Vermont Pulls the Plug on Its Electric Vehicle Mandate

Another state discovers California-style mandates are not workable given the current technologies and infrastructure.

In the summer of 2024, I reported that the state of Connecticut opted to forgo adopting California-style electric vehicle (EV) mandates.  Additionally, Virginia Gov. Glenn Youngkin put the brakes on his state’s EV mandate at the end of the year.

Just last month, Maryland’s governor delayed its sad attempt to be East Coast California via a similar mandate.

Now Vermont Governor Phil Scott issued an executive order halting the enforcement of the state’s electric vehicle (EV) sales mandate, which had required that 35% of all vehicles delivered to Vermont dealerships be zero-emission starting with the 2026 model year.

This pause affects passenger cars and medium—to heavy-duty trucks and continues the trend of progressive states following California into a progressive blackhole of senseless energy policies.

Vermont is one of 11 states including New York, Maryland and Massachusetts that have adopted California’s zero-emission vehicle rules, which seek to end the sale of gasoline-only vehicles by 2035. California’s rules require 35% of light-duty vehicles in the 2026 model year to be zero-emission models.

Scott cited warnings from automakers that they could limit supply of gas-powered vehicles to dealers in the state because of the EV rules.

“It’s clear we don’t have anywhere near enough charging infrastructure and insufficient technological advances in heavy-duty vehicles to meet current goals,” said Scott.

It’s important to note that according to an analysis by Here Technologies and SBD Automotive, Vermont has one of the more favorable EV charging networks in the country, with a +1.3 charger-to-electric-vehicle ratio. That means if the mandate can’t work there, it won’t be working anywhere…and that includes California.

Local automobile dealers, who have to address the realities of customer preferences, are delighted with this news.

Vermont’s auto dealers, meanwhile, welcomed news of the executive order.

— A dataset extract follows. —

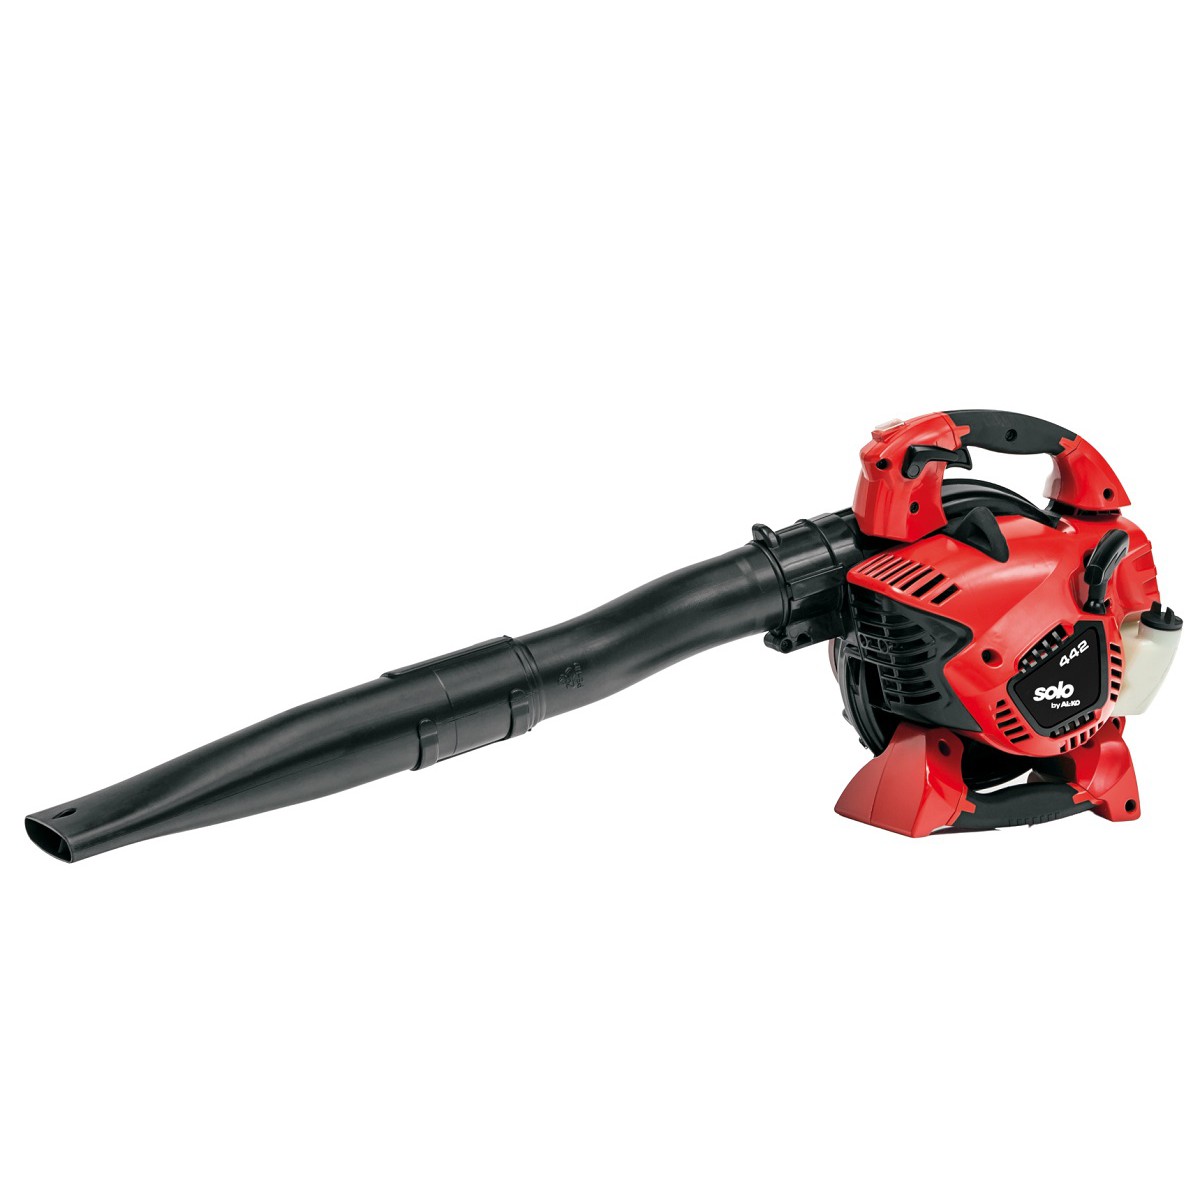 AL-KO 442 leaf blower / petrol vacuum cleaner

The California rule doesn’t obligate local dealers to sell a certain percentage of electric vehicles, rather it requires car and truck manufacturers to, starting in model year 2026, ensure that 35% of vehicles shipped to those dealers be zero emissions.

Matt Cota, with the Vermont Vehicle and Automotive Distributors Association, said that demand for those EVs doesn’t yet exist in Vermont (about 14% of new cars registered in Vermont last year were zero emission).

Cota said manufacturers would likely comply with the mandate by sending fewer total vehicles to Vermont dealers. And he said dealers in New Hampshire, which has not adopted the California rule, will be well-positioned to satisfy demand for gas-powered vehicles that are no longer delivered to Vermont.

“In a way, if you don’t create the demand of electric vehicles, all you’re doing with this regulation — you’re not putting more electric vehicles on the road, you’re harming the local businesses that sell vehicles of all types,” Cota said.

It must be noted that the rollback of a federal waiver of the special California rules is poised to occur, which means these governors are simply getting ahead of the likely regulatory changes related to energy policies.

The governor’s decision is a setback for California, whose 2022 Advanced Clean Cars law makes it possible for states to mandate EVs. The 1970 Clean Air Act allows California to obtain a federal waiver to issue vehicle emissions regulations that are stricter than federal emissions standards and for other states like Vermont to adopt those regulations.

In December, the Biden administration issued a waiver green-lighting California’s Advanced Clean Cars rules, which a dozen states have adopted.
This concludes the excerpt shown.